240 - Added code to optionally generate a core dump upon exit. [Suggested
241 by Aaron Hopkins.]
242 - Added debugging code to turn off adding entries to syslog. This is
243 useful during testing when a large number of test violations are
244 detected. The code must be enabled with the -DDEBUG_TURN_OFF_SYSLOG
245 option in the Makefile.
246 - Added dying flag to effectively disable _libsafe_stackVariableP()
247 after _libsafe_die() has been called.
248 - util.c:find_stack_start():
249 - find_stack_start() replaces _libsafe_initialize_start_stack().
250 find_stack_start() works for multi-threaded processes and is less
251 kludgy.
252 - util.c:_libsafe_dump_stack():
253 - Added this function to print out the contents of the stack when a
254 violation is detected. This function is called from _libsafe_die()
255 and must be enabled with the -DDUMP_STACK option in the Makefile.
256 - intercept.c:gets():
257 - Added extra code to make sure that the libsafe gets() treats newlines
258 the same way the libc gets() does. [Suggested by Jutta Degener.]
259 - intercept.c:getwd():
260 - Added code to make sure no more than PATH_MAX characters are
261 returned. [Suggested by Jutta Degener.]
262 - intercept.c:
263 - Made "static memcpy_t real_memcpy" a global variable since four
264 functions access it.

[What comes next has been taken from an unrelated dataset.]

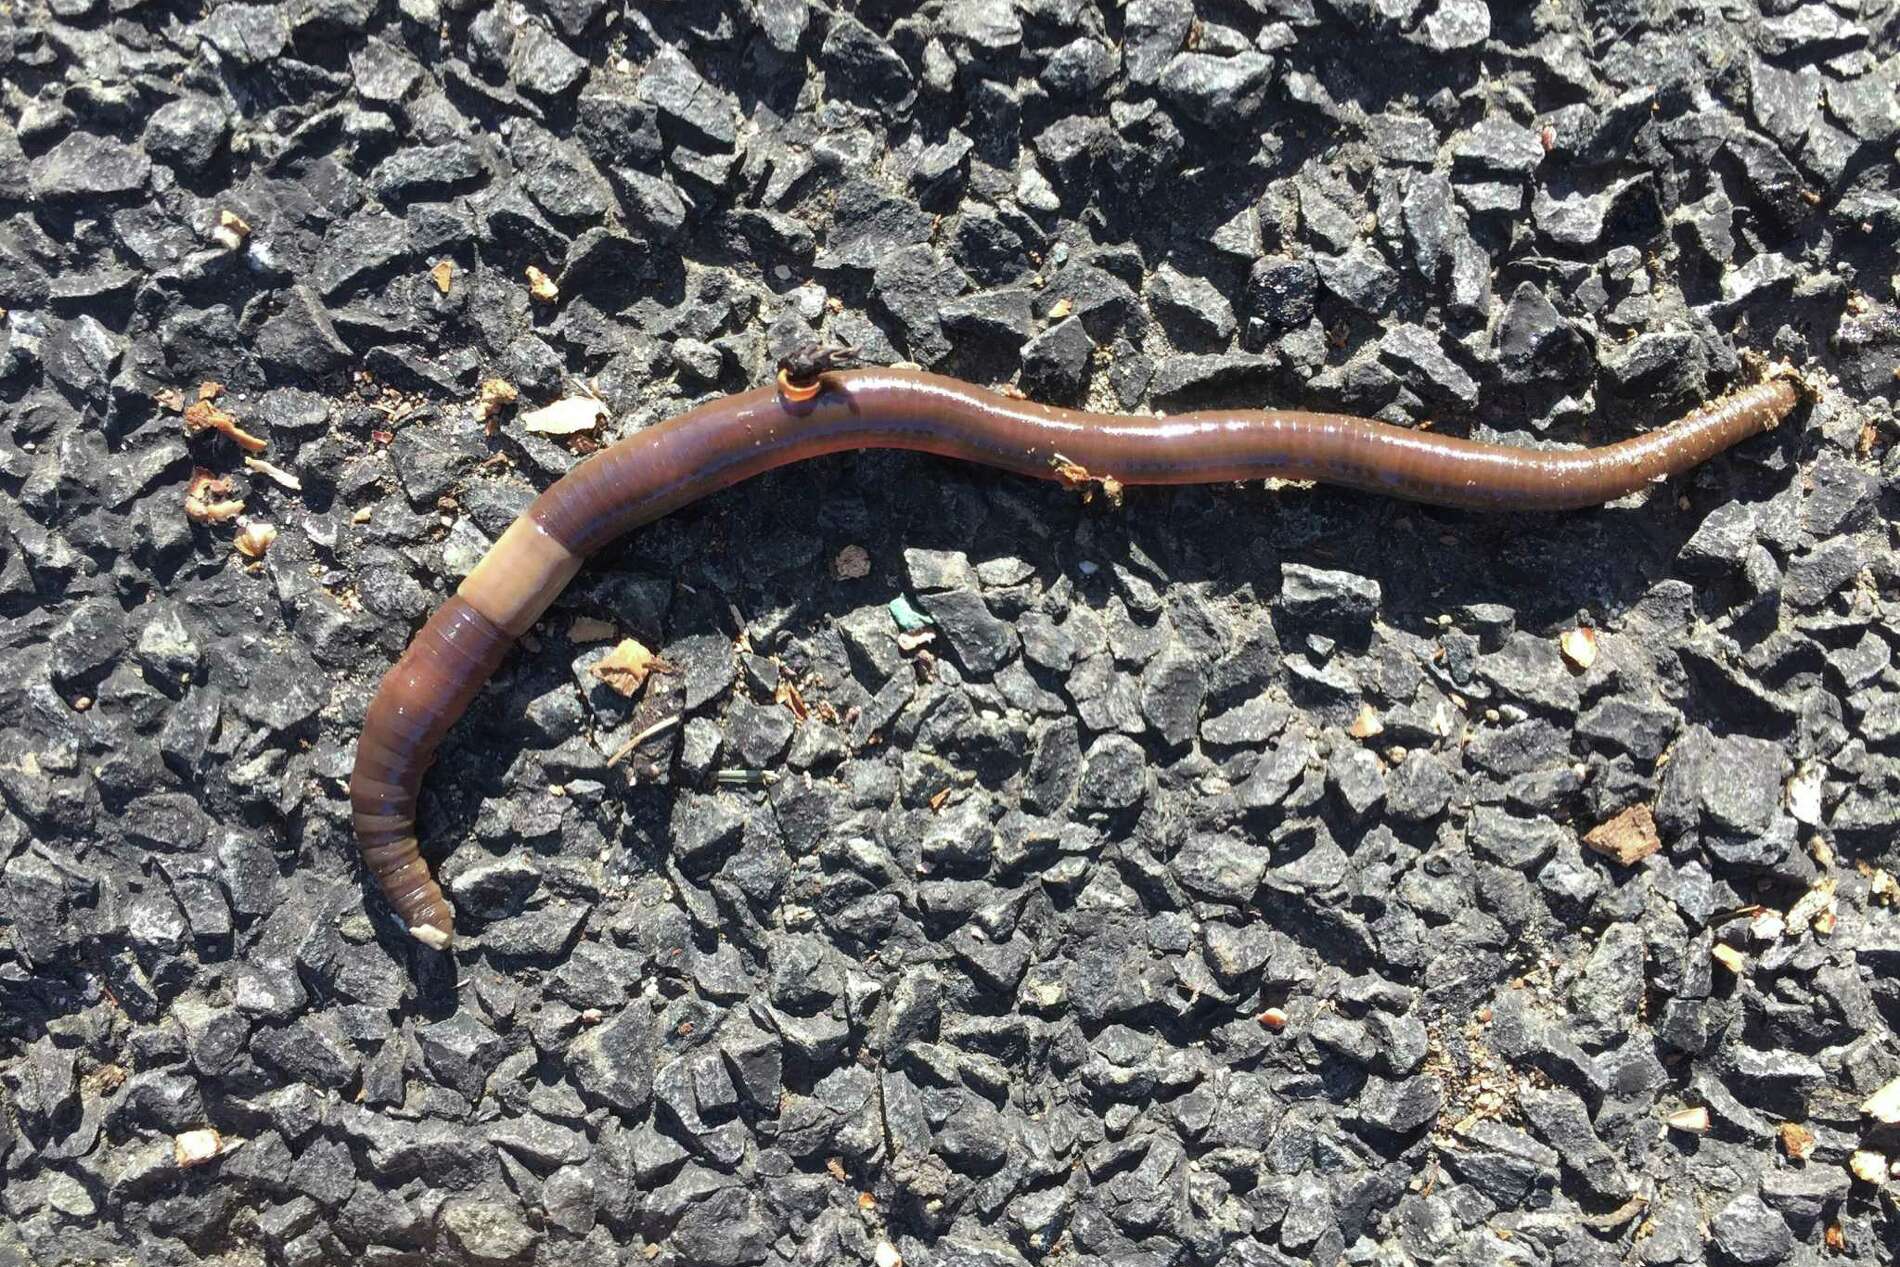 A giant earthworm known as a ‘jumping worm’ is spreading in Connecticut

This increases the performance very slightly.
265 [Suggested by Paul Boehm.]
266 - iovfscanf.c:
267 - Corrected bug in code that improperly processed format specifiers
268 with explicit field widths for char types. [Bug reported by Bojan
269 Pogacar.]
270 - depend: removed from the package
271
272 * Fri April 21 2000 Arash Baratloo <arash@research.bell-labs.com>
273 - Corrected couple of bugs (in util.c) that kept libsafe from running on RH5.1
274 - Added dependencies to the Makefile
275
276 * Thu Mar 30 2000 Vandoorselaere Yoann <yoann@mandrakesoft.com>
277 * Thu Mar 30 2000 Arash Baratloo <arash@research.bell-labs.com>
278 - Update to 1.3
279 - Rename copying.lib to copying
280 - Use _exit because an sigsegv can be caught.
281
282 * Thu Mar 30 2000 Vandoorselaere Yoann <yoann@mandrakesoft.com>
283 - Removed a dangerous debugging function.

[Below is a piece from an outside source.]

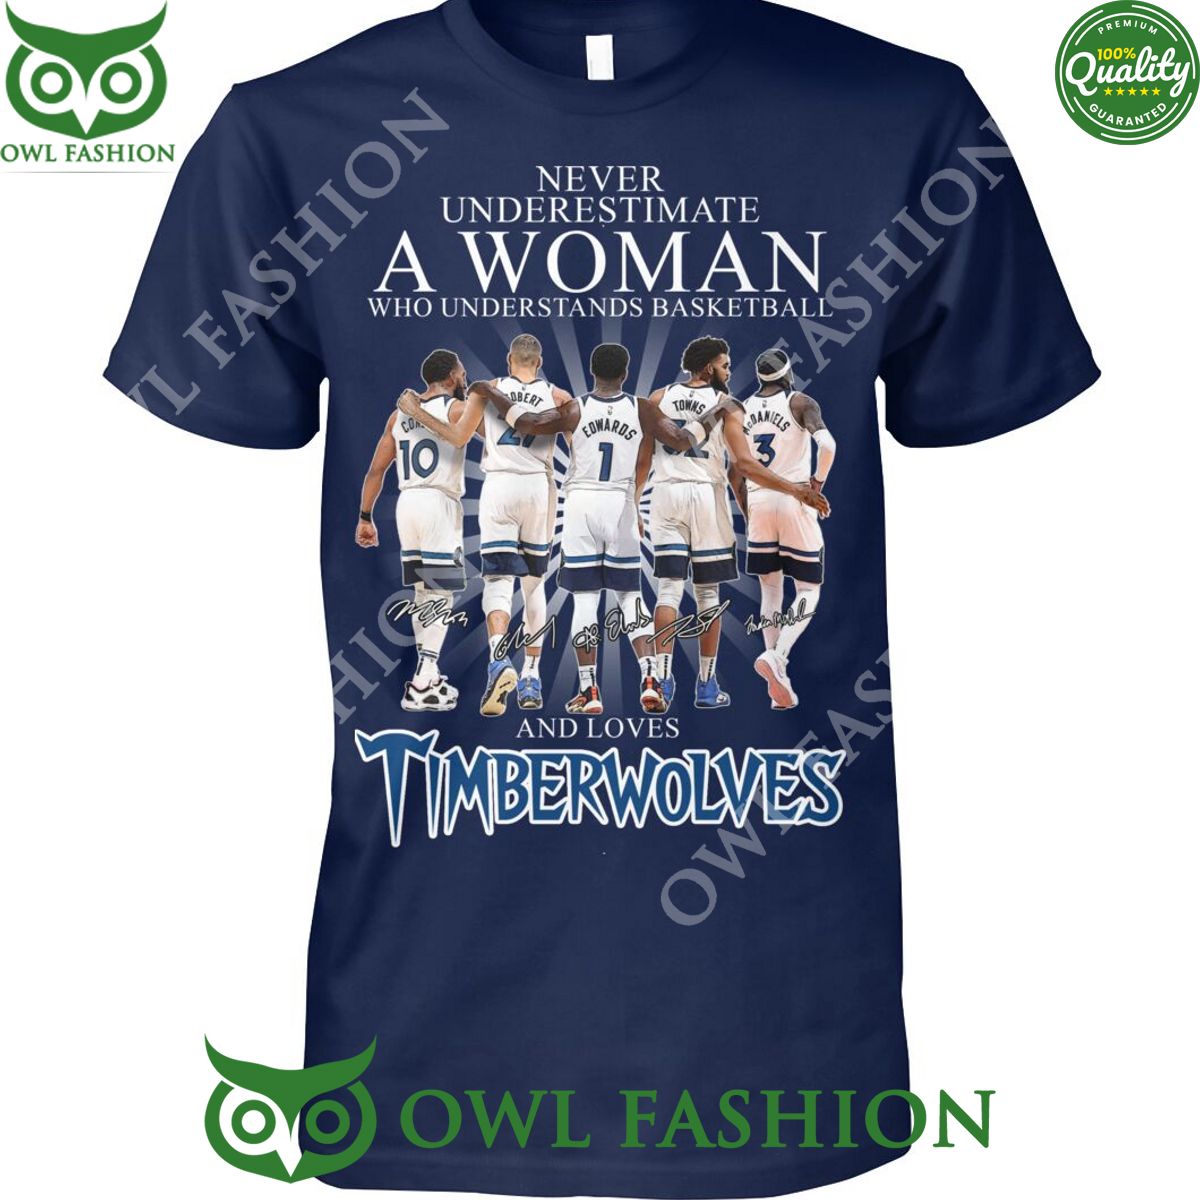 Never underrestimate a woman who understand basketball and loves Minnesota Timberwolves t shirt

284 - Removed the mail_list file specified by variable feature ( could lead to
285 attack ).
286 - Removed all c++ comment... reindent all code.
287 - Removed dead code.
288 - renamed int script to int.sh.
289 - Removed unused check from _libsafe_stackVariableP() ( stack_start is
290 initialized in intercept.c ).
291
292 * Thu Mar 09 2000 Vandoorselaere Yoann <yoann@mandrakesoft.com>
293 - int : use bash
294 - Makefile : make clean work now :)
295 - intercept.c : don't initialize static function pointer at .text init
296 time.
297 - intercept.c : reindented + c++ to c comment :)
298 - intercept.c : getLibraryFunction -> use const
299 - added intercept.c , will be a c port of intercept.cpp
300 - util.c: added warning, for a problem i'm not sure of
301 - util.c: don't use non portable asm instruction to make the program
302 exit, use a clean portable way to do it...
303 - util.c: never use system cause it can be a security problem.
304 - util.c: Use the first variable stack address as the sp address.
305 - util.c: Use unsigned long cause it is a word long on all architecture.
306 - Imported libsafe source, created module, created changelog.